The Stock Exchange of Hong Kong Limited (Exchange) issued a public censure and Director Unsuitability Statement on 5 March against two former directors of Global Uin Intelligence Holdings Limited (Global Uin) for violating their fiduciary duties by misappropriating Global Uin's IPO proceeds. They had also failed to cooperate in the investigation.

This enforcement action was jointly investigated by the Exchange and the Securities and Futures Commission (SFC), with the assistance of the Monetary Authority of Singapore. It serves as a real-life reminder on the significance of directors' fiduciary duties, and is the second disciplinary action taken by the Exchange on directors' breach of fiduciary duties in less than a month.1

Content

The Case In Brief

Shortly after the GEM listing, Global Uin made a payment of SGD 1 million for a purported IPO consultancy service in Singapore, which caused the actual listing expenses to materially exceed the estimate disclosed in the prospectus. The payment was procured by Mr Aris Goh Leong Heng and Ms Anita Chia Hee Mei (the founders, controlling shareholders and former executive directors of Global Uin) without proper disclosure or board approval.
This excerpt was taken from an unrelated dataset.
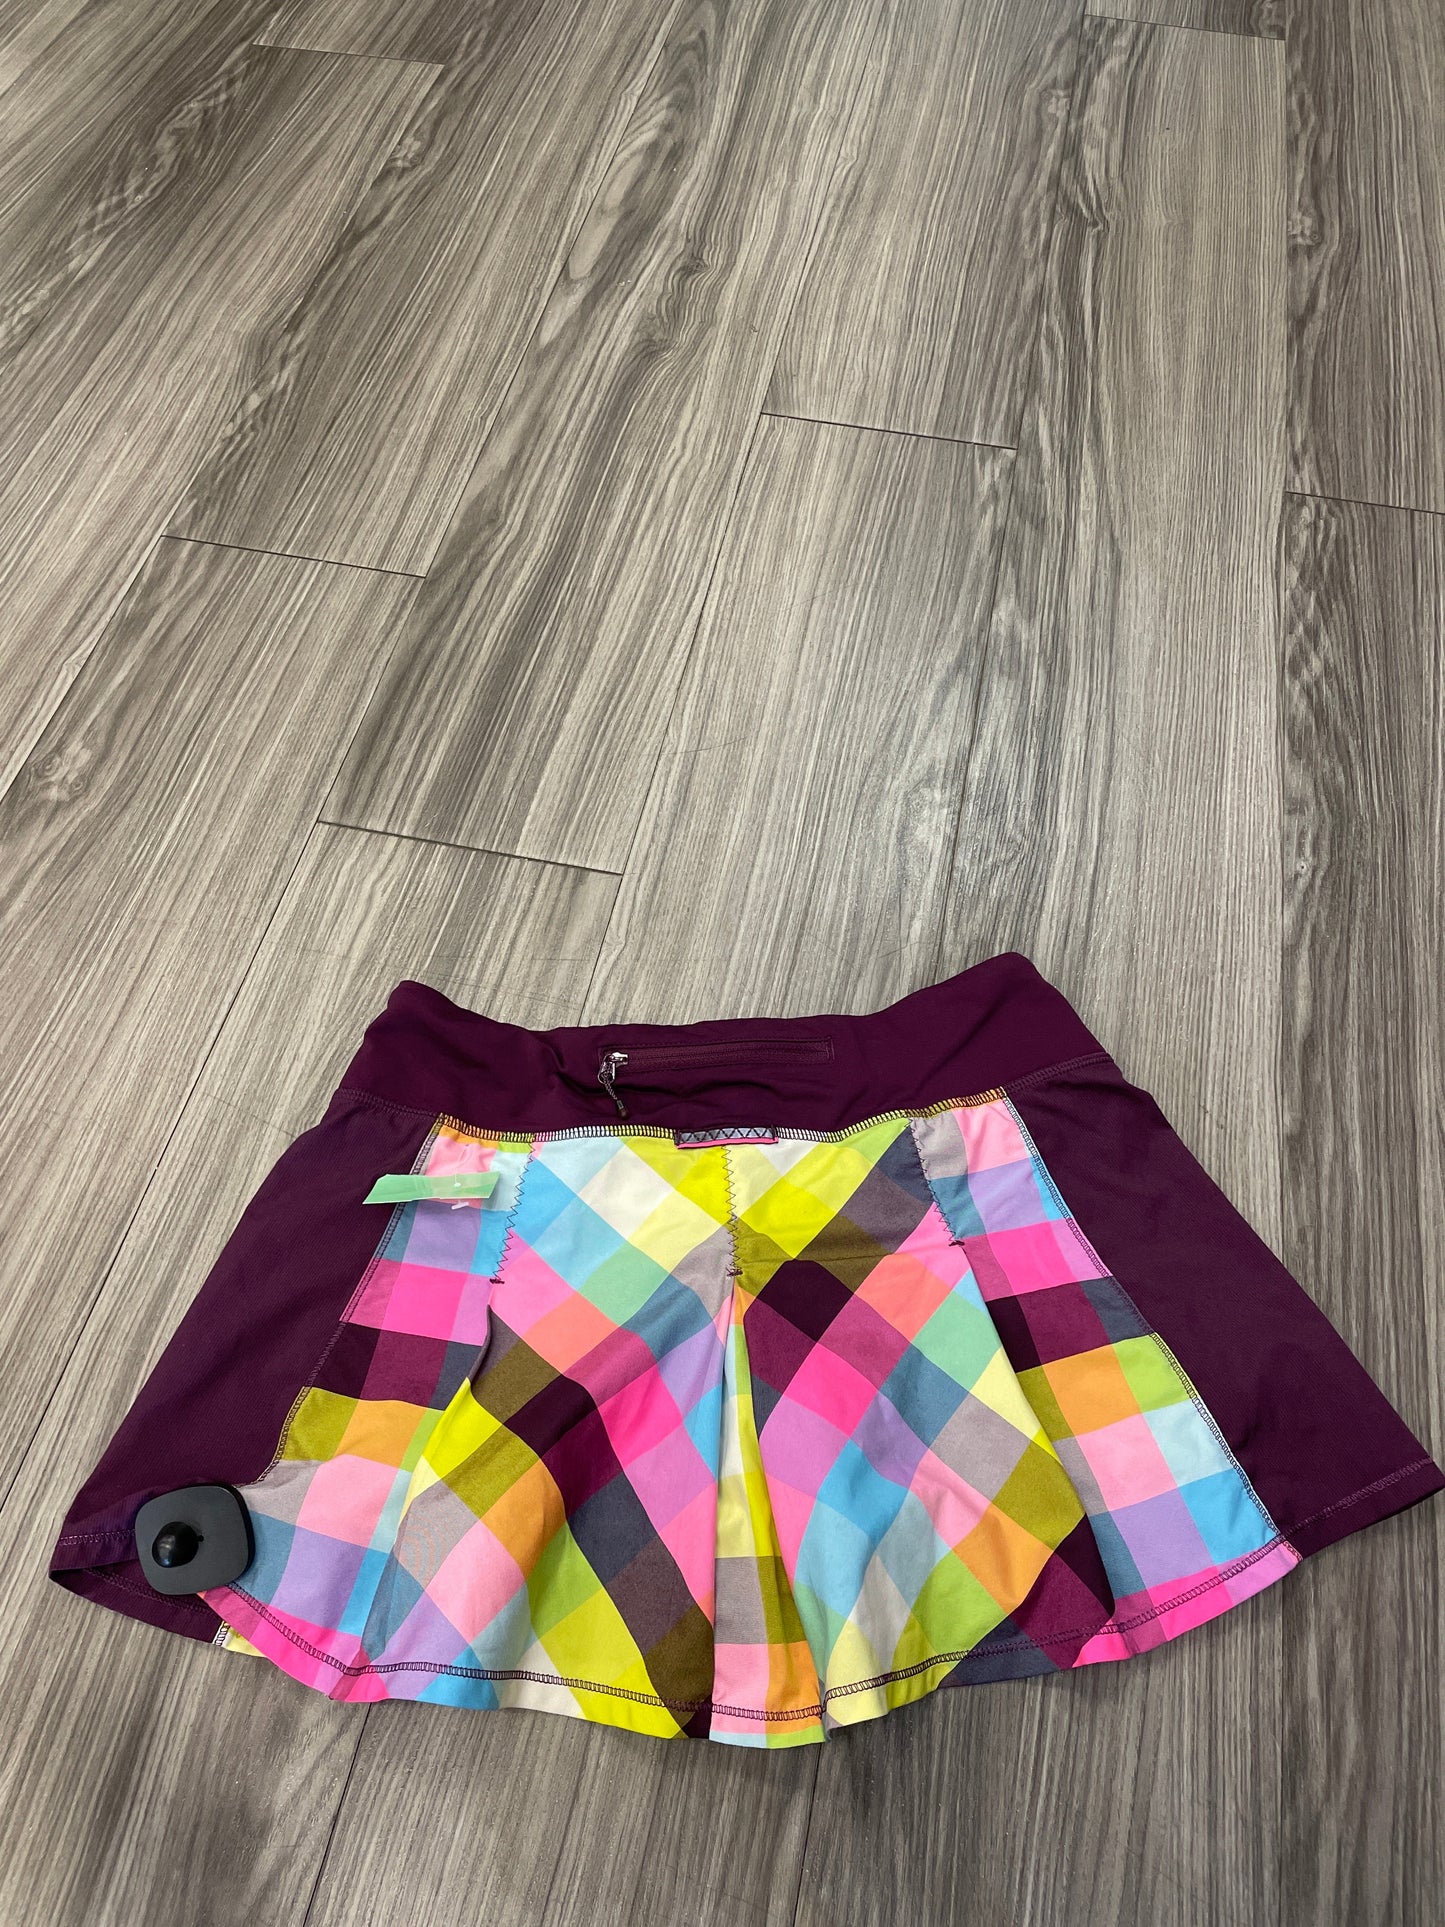 Multi-colored Athletic Shorts Lululemon, Size 4

During the investigation, the two ex-directors provided incomplete and misleading information in order to conceal their misconducts. It was later revealed by the SFC that the payment was subsequently rerouted to the pair's joint bank account in Singapore for repayment of their debt owing to Global Uin. Their actions amounted to misappropriation of Global Uin's assets.

The GEM Listing Committee found that Mr Goh and Ms Chia committed serious breaches of their fiduciary duties to Global Uin, and their duties of skill, care and diligence under GEM Listing Rues (GLR) 5.01, among other rules and undertakings. The two ex-directors were also found to be in conflict with their positions as directors and have acted dishonestly against the interests of Global Uin.
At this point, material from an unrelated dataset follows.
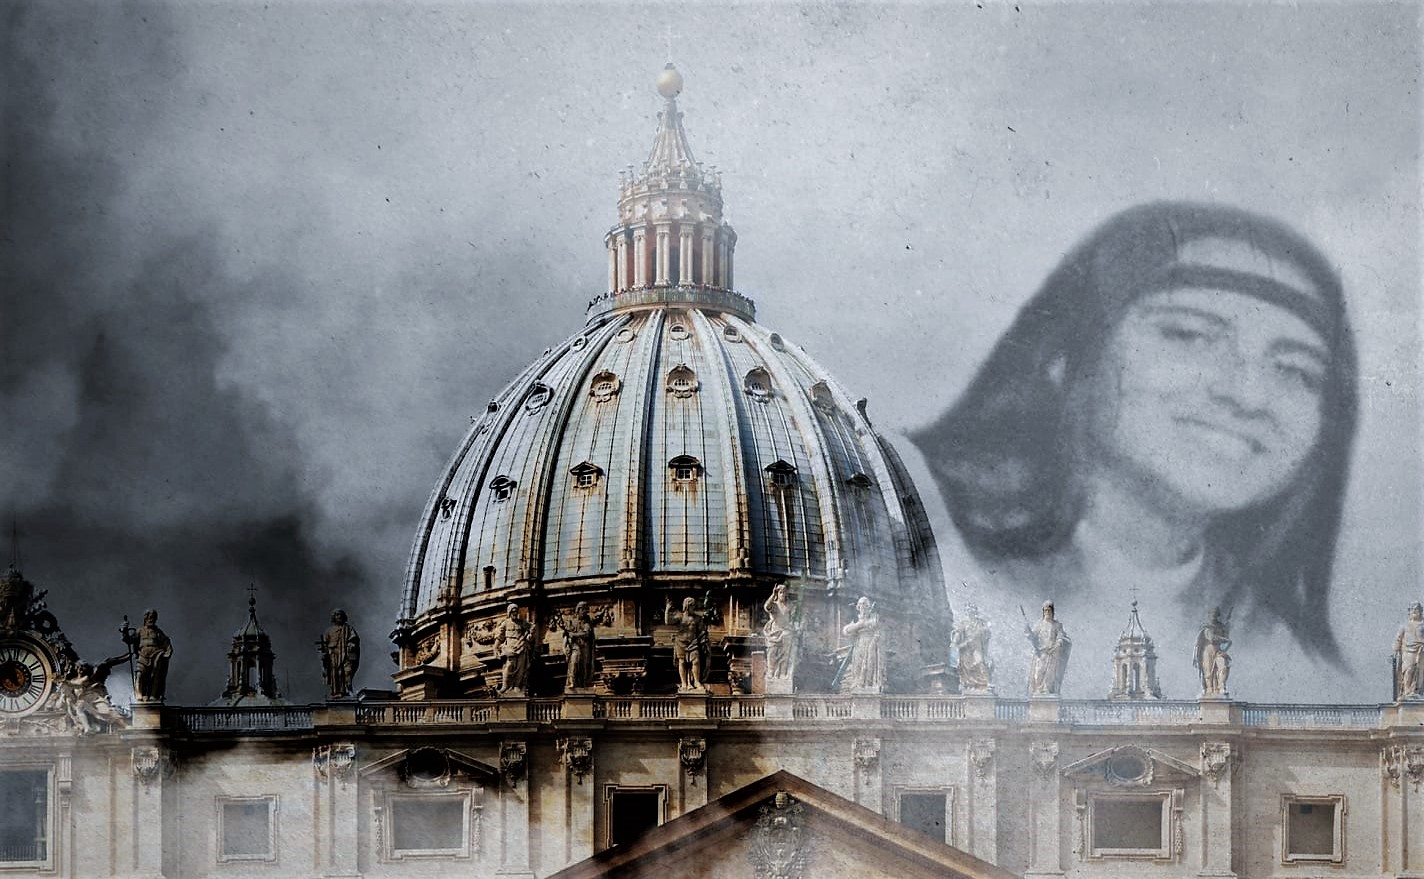 Buscando a una menor desaparecida en el Vaticano descubren miles de huesos (Video)

Public censure and Director Unsuitability Statement2 were imposed against Mr Goh and Ms Chia.

Key Messages

  1. Directors' breach of fiduciary duties is one of the Exchange's regulatory focuses as indicated by their recent enforcement actions. Fiduciary duties are the fundamental principles that underpin effective corporate governance of a listed company. Directors are reminded to diligently fulfil such duties at all times in the interests of the company, its shareholders and relevant stakeholders as a whole.
  2. The Global Uin case highlights the strategic collaboration between the SFC and the Exchange in combating misconducts. The two regulators will leverage on their complementary investigative powers and regulatory tools, and will readily engage in cross-jurisdictional investigations for purposes of maintaining market order.

Footnotes

1. Please refer to the Statement of Disciplinary Action dated 20 February 2024, "Exchange's Disciplinary Action against Three Current Directors of Xinming China Holdings Limited (Stock Code: 2699)", for another recent disciplinary action taken by the Exchange.

2. The Director Unsuitability Statement is a statement that, in the Exchange's opinion, Mr Goh and Ms Chia are unsuitable to occupy a position as director or within senior management of Global Uin or any of its subsidiaries.